The Institute had before it the statistical tables in the annual report of the Commissioner of Indian Affairs showing the number of Indians in the United States and their distribution. It was extremely fortunate, too, in the fact that Dr. Laurence F. Schmeckebier, of the permanent staff of the Institute, already had nearing completion a descriptive monograph on the Office of Indian Affairs, covering its history, activities, organization, plant, basic law, and finances, one of the series of service monographs being prepared by the Institute for each of the important units of the government service. [1] Dr. Schmeckebier, an experienced statistician, had compiled for this monograph a great body of statistical data which was available for the use of the survey staff. For this monograph a bibliography had already been prepared. The bibliographer of the Institute, Mrs. Sophy H. Powell, therefore, was already prepared promptly to gather for the survey staff an effective working library.

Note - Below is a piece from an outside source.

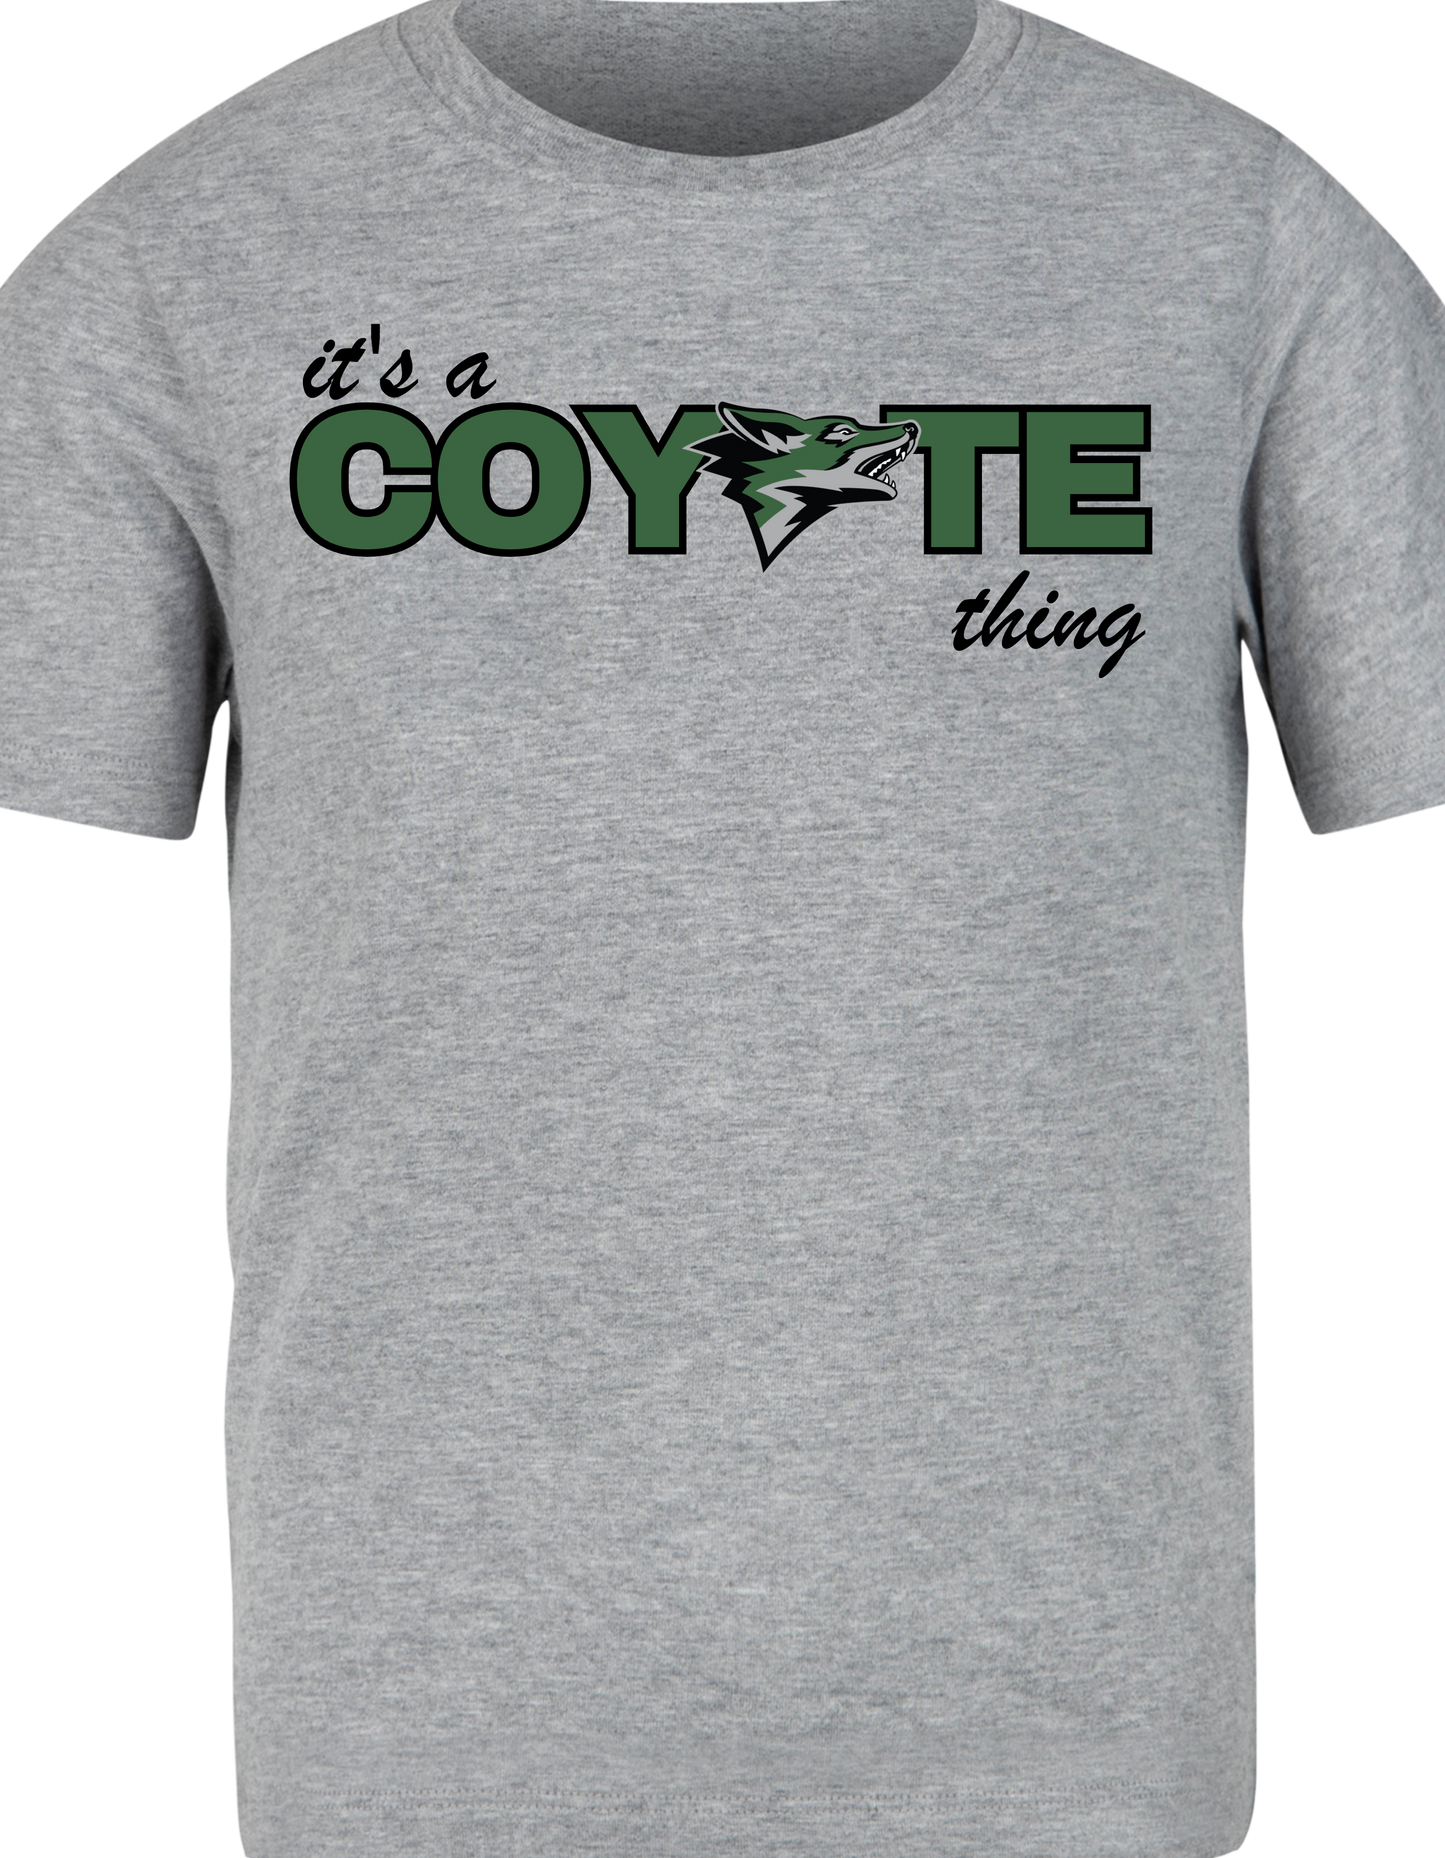 It's a Coyote thing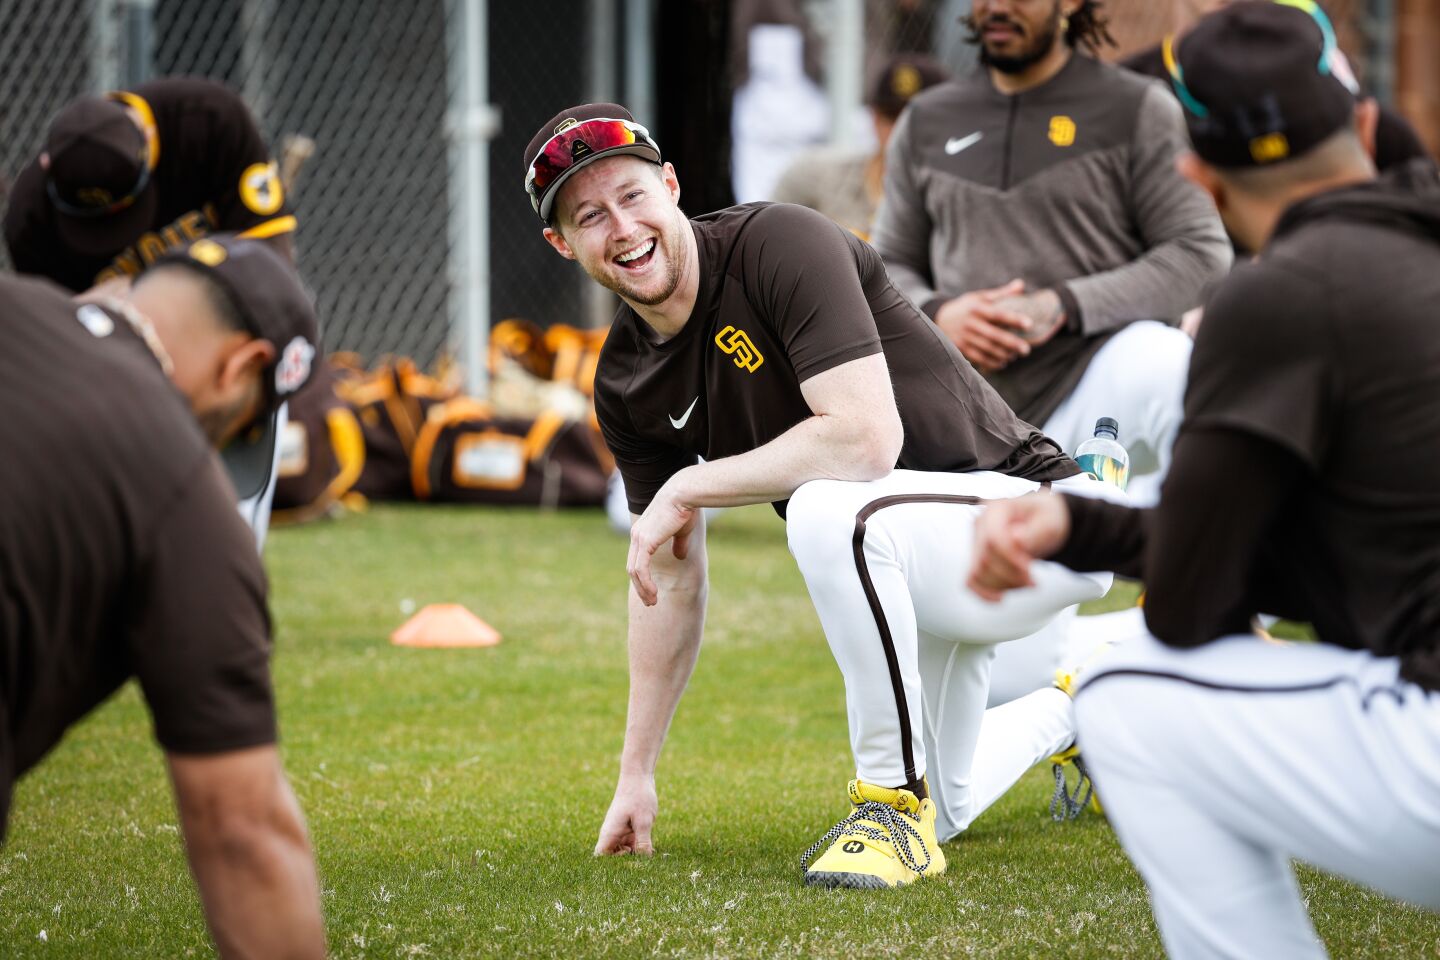 Padres second baseman Jake Cronenworth (9) laughs during a spring training practice at the Peoria Sports Complex on Tuesday, Feb. 21, 2023 in Peoria, AZ.

According to the statistics in the report of the Commissioner of Indian Affairs, which in part are compiled by the Office of Indian Affairs and in part are taken from the report of the Census Bureau, [2] the Indian population numbers approximately 325,000, excluding the Freedmen and the inter-married whites of the Five Civilized Tribes, with both of which non-Indian groups the Service had something to do. If they are included the number approximates 350,000.

In this figure of 350,000 are included 101,506 of the Five Civilized Tribes, of which 75,519 are Indians by blood, 23,405 Freedmen, and 2582 inter-married whites. Among the 75,519 Indians by blood are many who have so small an admixture of Indian blood and who are so far advanced in their social and economic status that they do not enter into the real Indian problem. The figures

  1. ↑ This monograph is now published as β€œThe Office of Indian Affairs,” 591 pp., Service Monograph No. 48, Institute for Government Research. The Johns Hopkins Press, 1927. It is purely descriptive in character and is based on a study of the documentary material and the general literature. This monograph, with the present survey report, gives a fairly complete study of the Indian Service.
  2. ↑ The Indian Service compiles figures only for the states in which it operates. For other states it accepts census figures. For Indian Service states there is a discrepancy between the Indian Office and the Census Bureau figures. For the figures of the two organizations by states and for a discussion of the discrepancy see Schmeckebier, Office of Indian Affairs, pp. 310-12.